Object Classification
This tutorial describes how to use the cvtk package to build a model of an object classification task, from training the to inference.
Note
The cvtk package internally calls functions implemented in the torch (PyTorch) and torchvision packages for object classification tasks. Ensure that PyTorch is installed correctly without any errors before using the cvtk package.
import torch
import torchvision
print(torch.__version__)
print(torchvision.__version__)
Source Code Preparation
User can import cvtk package to build and train a model
for object classification tasks and use the model for inference
by refering to the cvtk package documentation.
Alternatively, to get the quick start,
user can generate an example Python source code using the cvtk command.
The source code for object classification tasks
can be generated by cvtk create command with the --task cls argument.
For those new to programming or deep learning,
it is recommended to run the command with default options.
It generates simple source code that contains only the essential processes,
with all complex processes imported from the cvtk package.
This makes the source code easy to read and helps in
understanding the flow of deep learning for beginners.
cvtk create --script cls.py --task cls
After running the command, the source code will be generated in the file cls.py.
By default, the network architecture ResNet18 (torchvision.models.resnet18) is used.
User can change the resnet18 to other keywords to use different network architectures
by editing cls.py.
The available network architectures can be found on the PyTroch website
(e.g., Models and pre-trained weights).
Additionally, for those who are already familiar with deep learning,
it is recommended to run the command with the additional argument --vanilla.
It generates source code that uses only the PyTorch package functions.
Users can then customize the source code to suit their needs,
for example, adding data augmentation processes and changing optimization algorithms.
cvtk create --script cls.py --task cls --vanilla
Model Training and Validation
To train the model, open the source code generated above and execute it by providing training,
validation, and test data to the input of the train function.

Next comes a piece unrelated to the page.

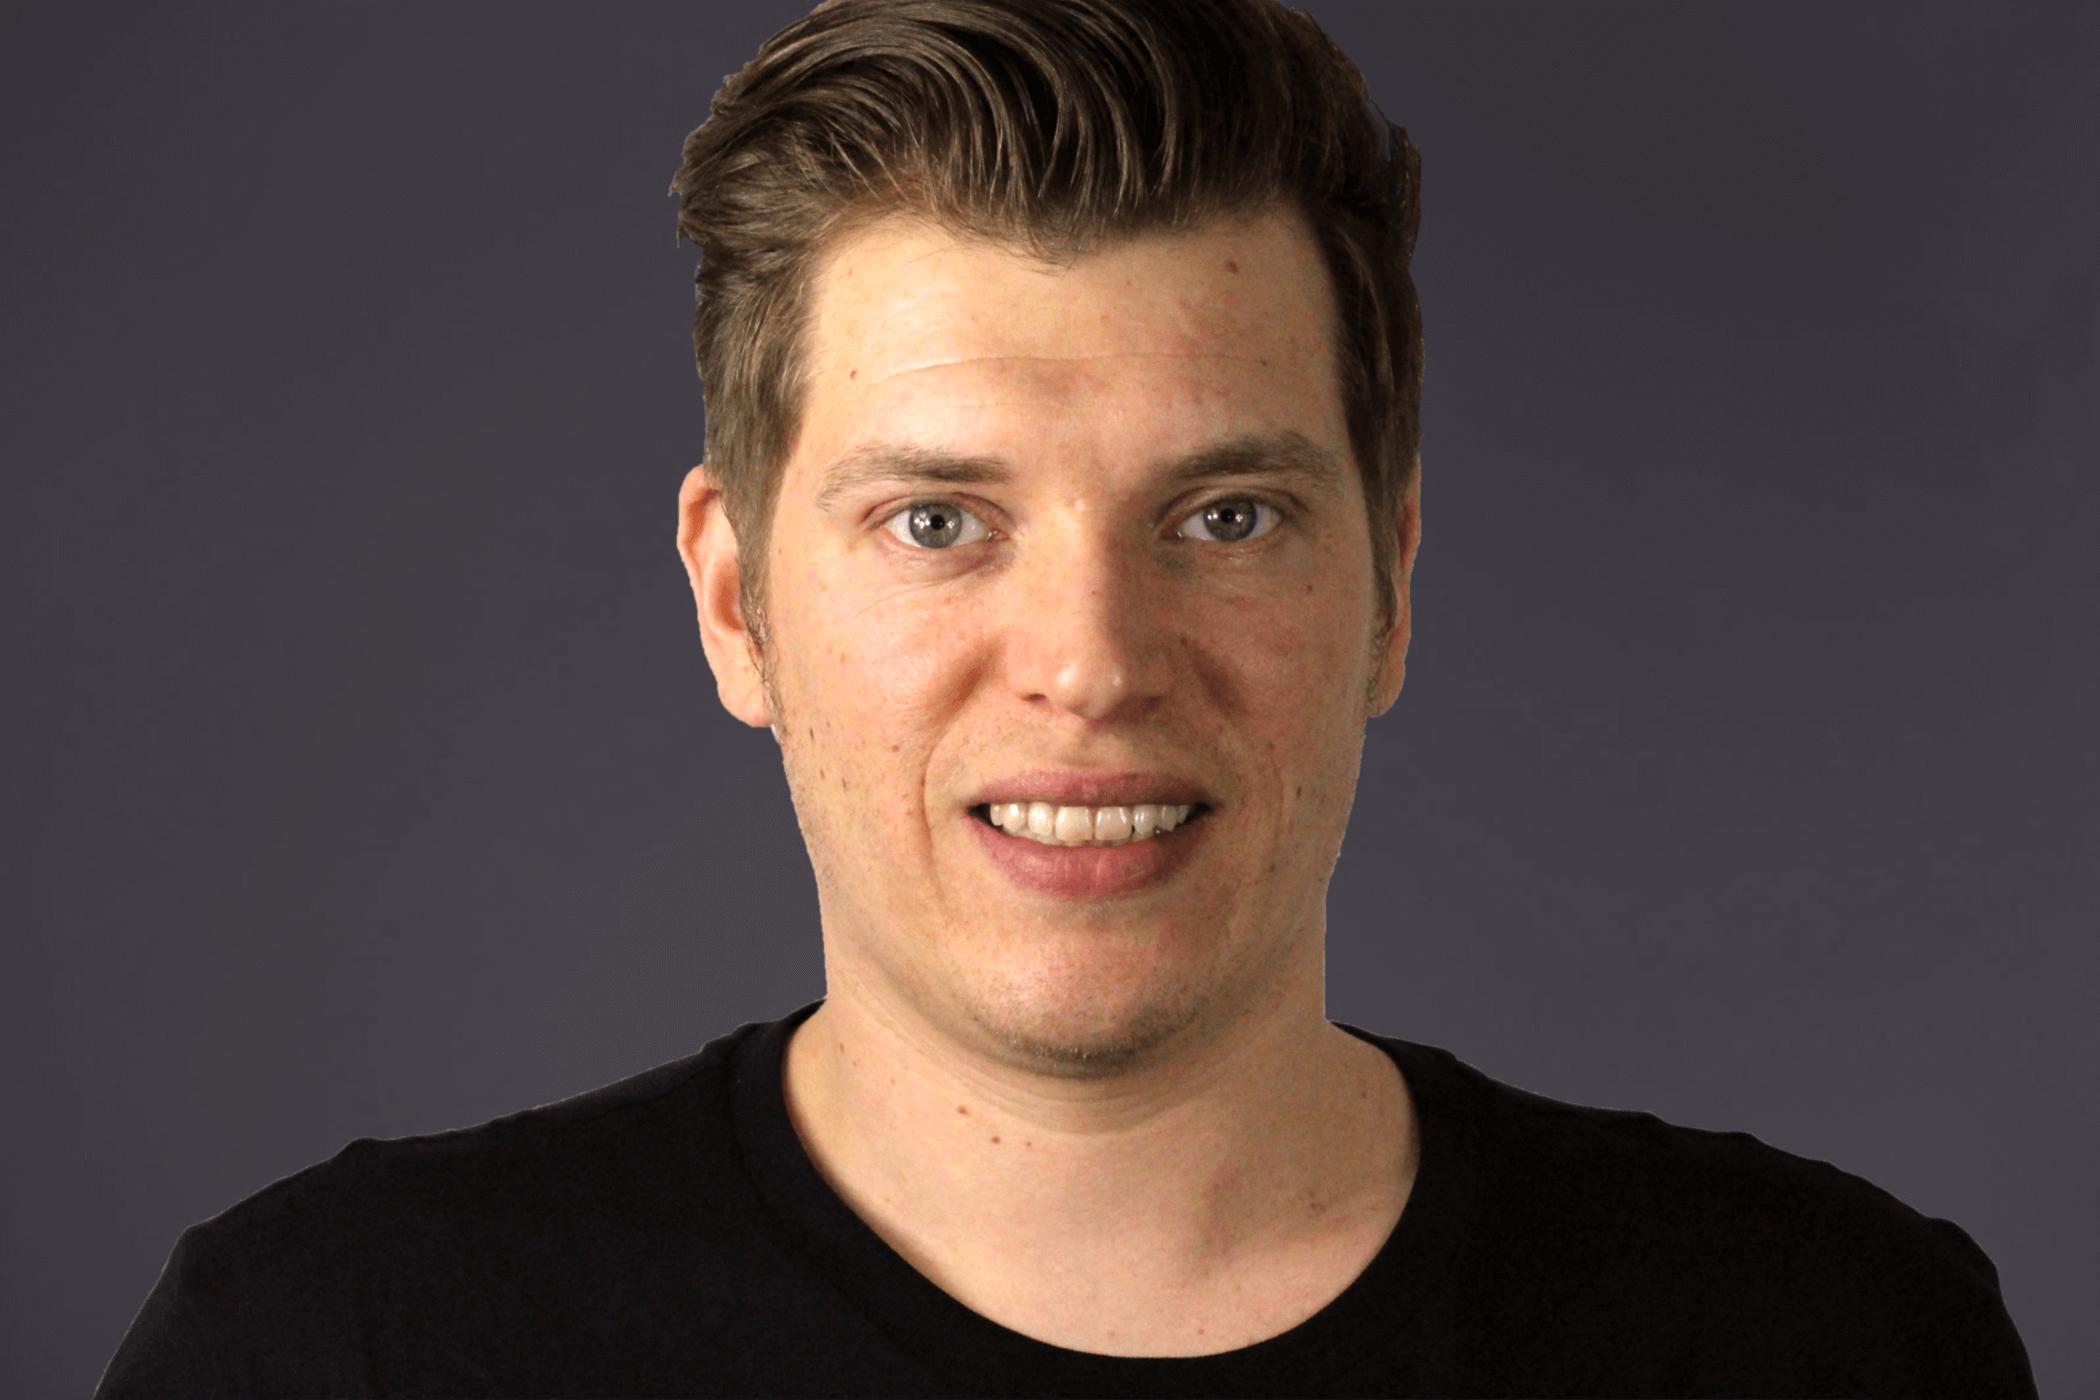 Andre Winterberg
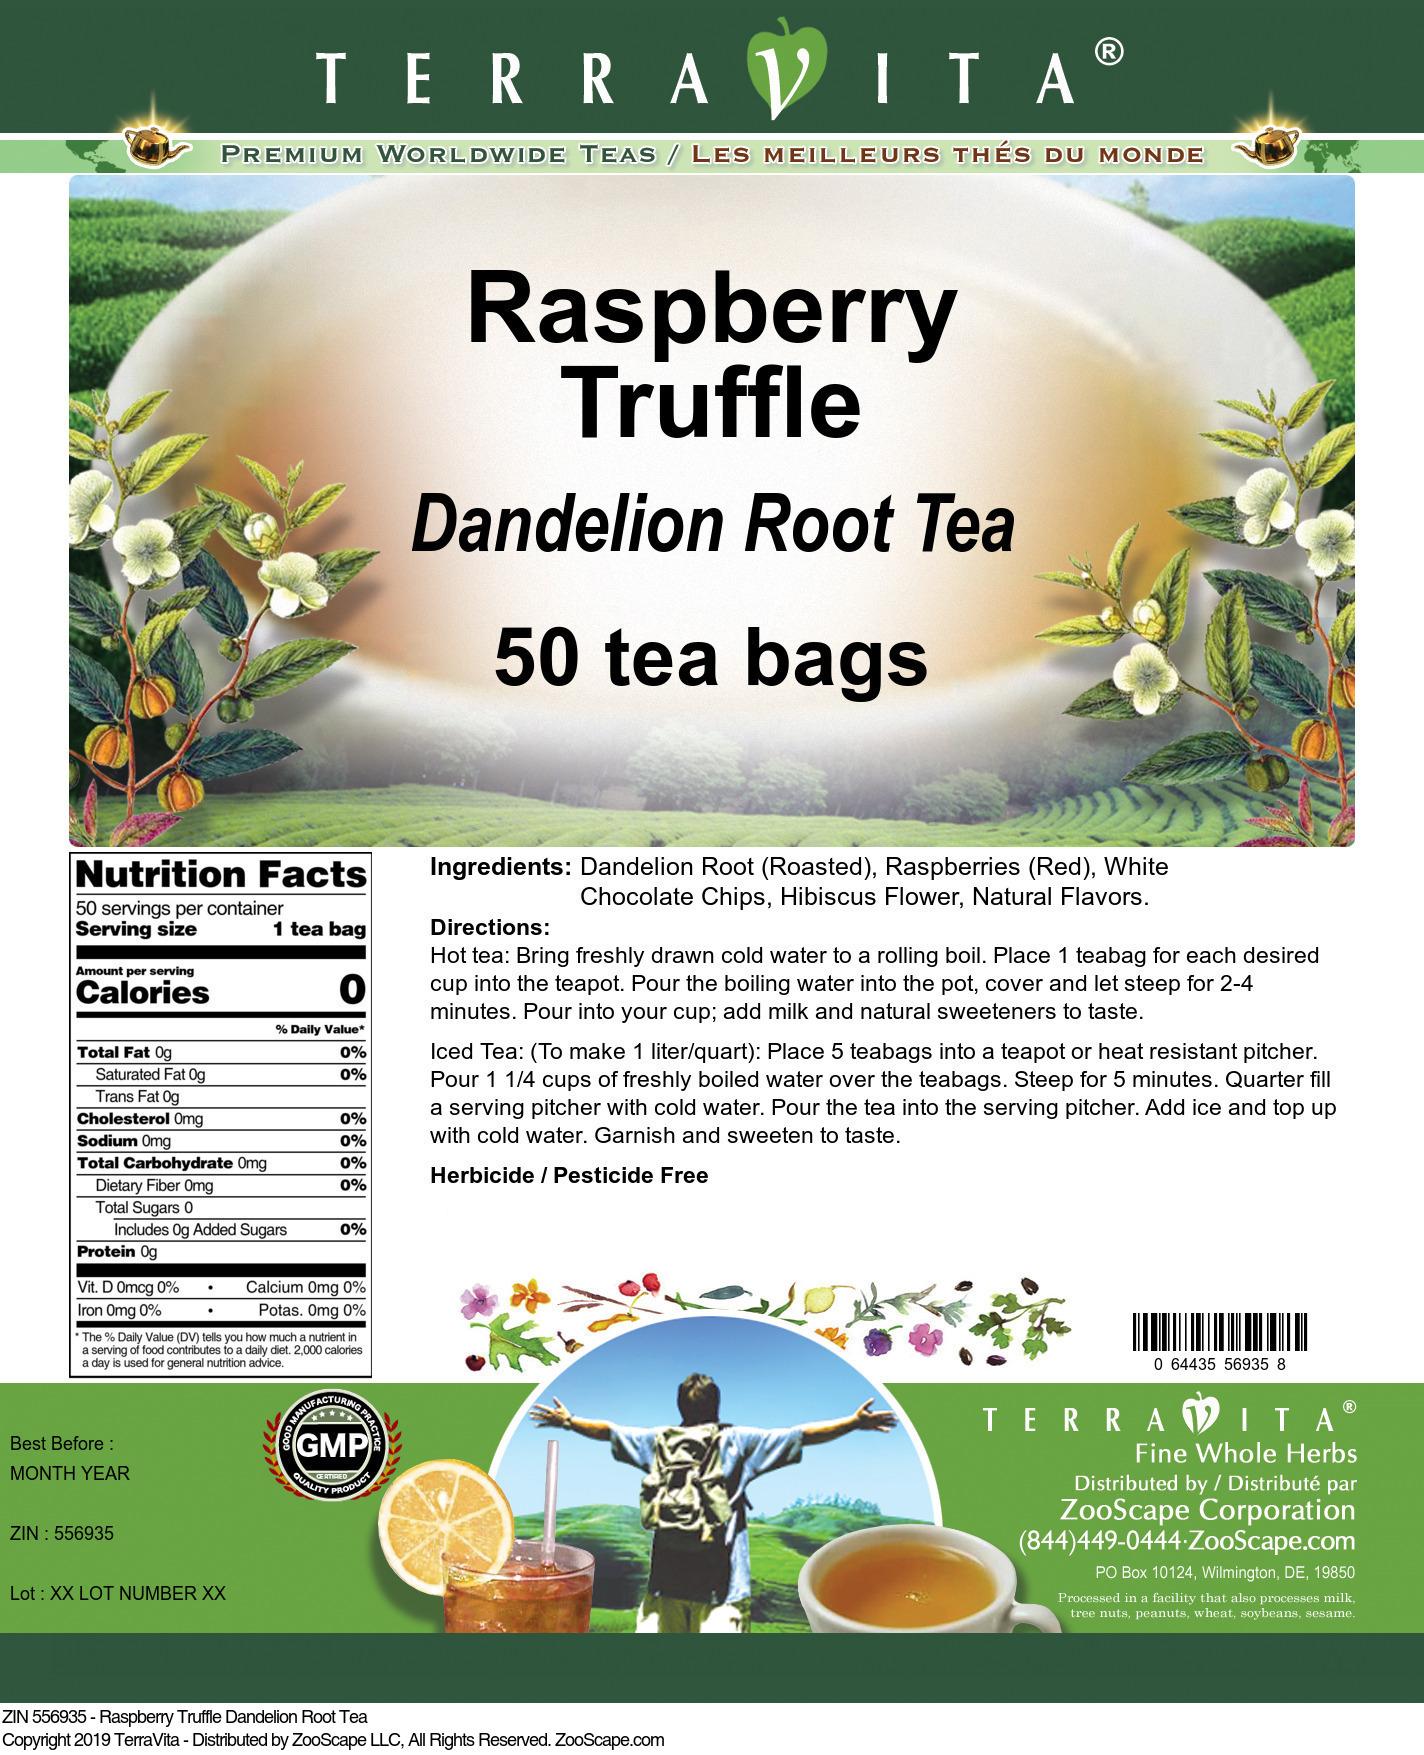 Raspberry Truffle Dandelion Root Tea

Alternatively, the source code can be executed directly from the command line as follows:
python cls.py train \
--label ./data/fruits/label.txt \
--train ./data/fruits/train.txt \
--valid ./data/fruits/valid.txt \
--test ./data/fruits/test.txt \
--output_weights ./outputs/fruits.pth
The weights of the trained model will be saved in fruits.pth,
and the loss and accuracy data during the training process will be saved in
fruits.train_stats.txt and showed in figure fruits.train_stats.png.
The file fruits.train_stats.txt is a tab-separated file
consiting of five columns: epoch, train_loss, train_acc, valid_loss, and vlaid_acc,
as follows:
epoch train_loss train_acc valid_loss valid_acc
1 1.40679 0.22368 1.24780 0.41667
2 1.21213 0.48684 1.09401 0.83334
3 1.00425 0.81578 0.88967 0.83334
4 0.78659 0.82894 0.64055 0.91666
5 0.46396 0.96052 0.39010 0.91666
Additionally, if the test data is provided,
the model will be evaluated using the test data.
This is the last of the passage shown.